- _What you should do_
Among the entries below, find the line with "Schöne Jaeger LeCoultre" and the line with "Diese Uhr hat". Return exactly those lines and every line between them, but no pictures.

- _Dataset records_

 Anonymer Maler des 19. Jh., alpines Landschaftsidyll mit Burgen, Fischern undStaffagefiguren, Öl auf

==

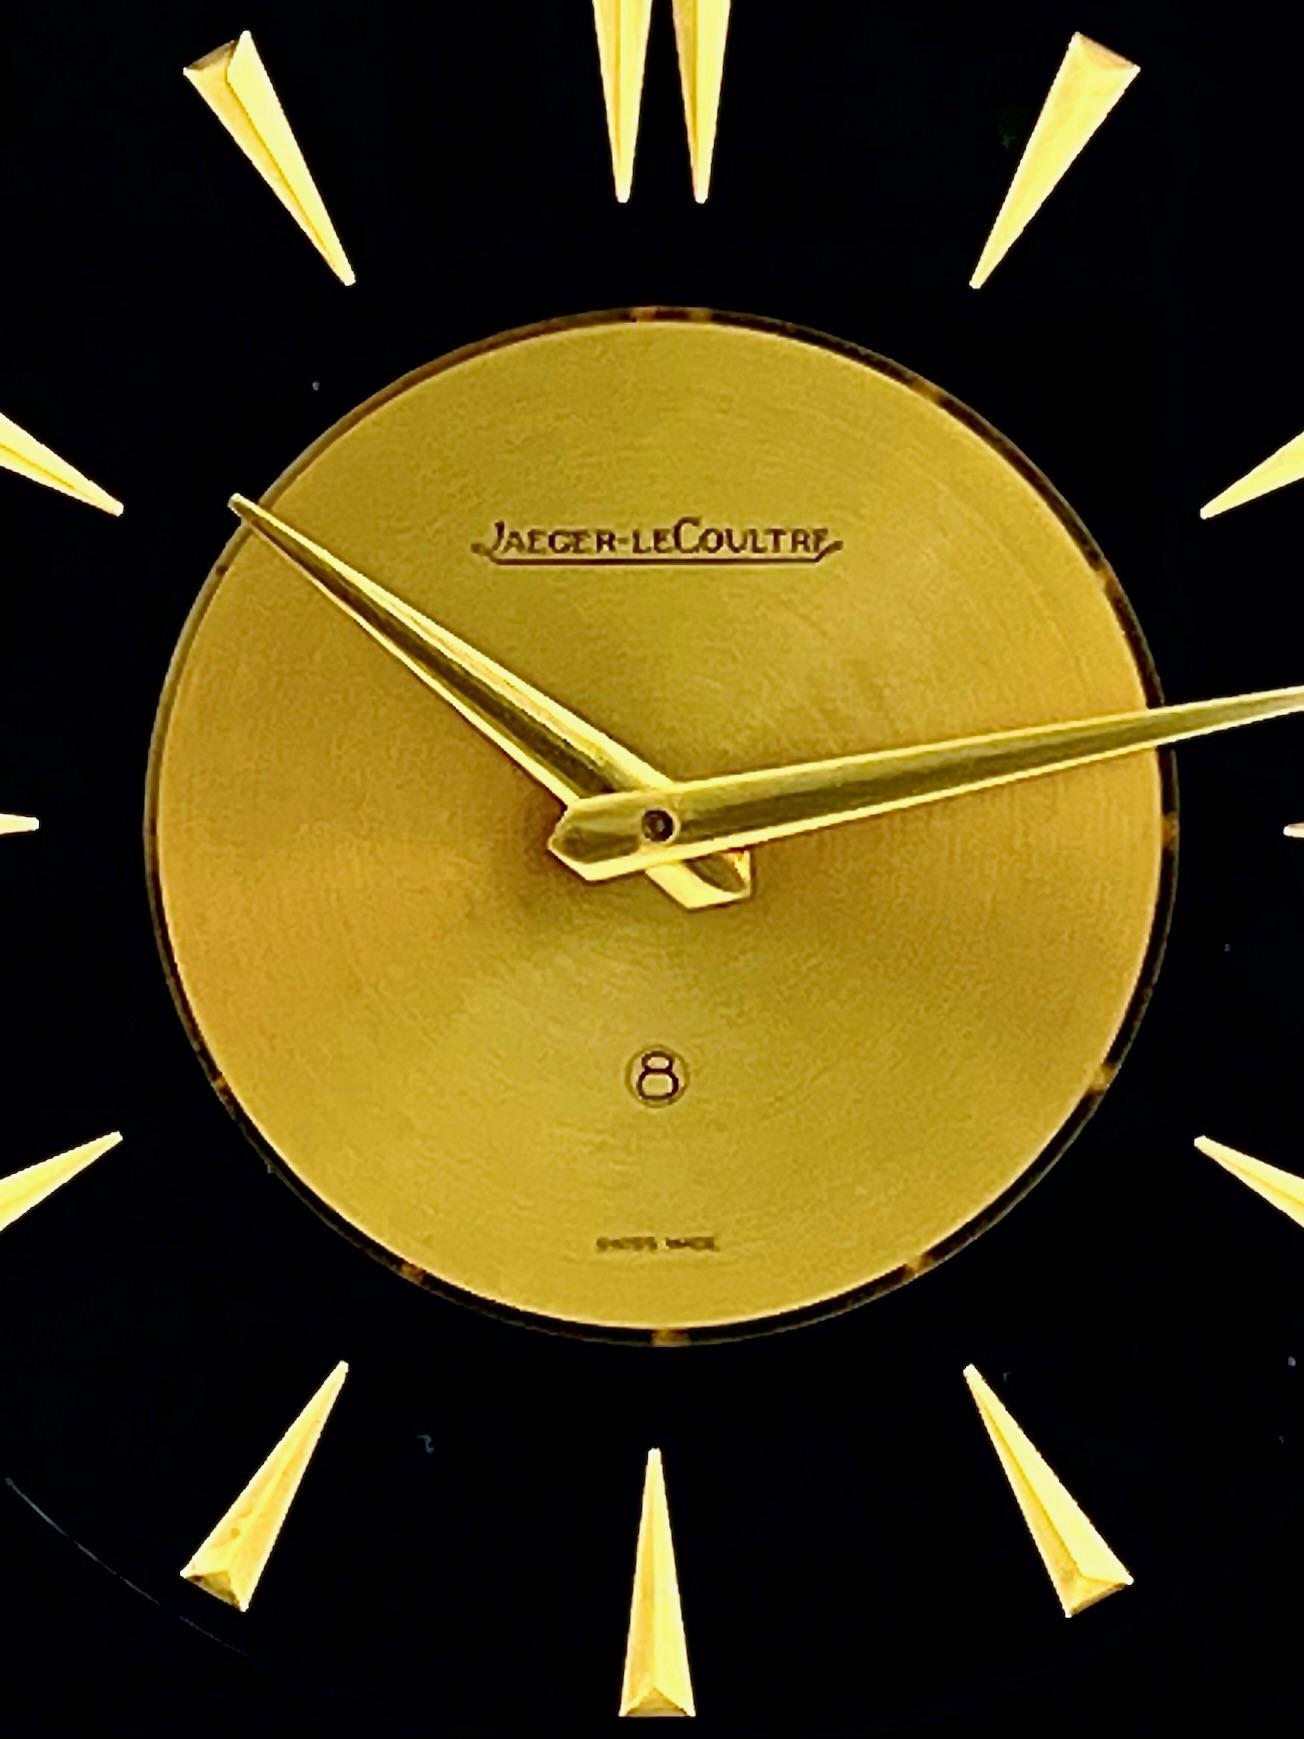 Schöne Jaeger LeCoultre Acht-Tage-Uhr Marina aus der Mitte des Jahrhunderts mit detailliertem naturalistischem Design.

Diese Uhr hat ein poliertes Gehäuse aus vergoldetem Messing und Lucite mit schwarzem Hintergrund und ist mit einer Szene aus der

- _Task answer_
 Schöne Jaeger LeCoultre Acht-Tage-Uhr Marina aus der Mitte des Jahrhunderts mit detailliertem naturalistischem Design.

Diese Uhr hat ein poliertes Gehäuse aus vergoldetem Messing und Lucite mit schwarzem Hintergrund und ist mit einer Szene aus der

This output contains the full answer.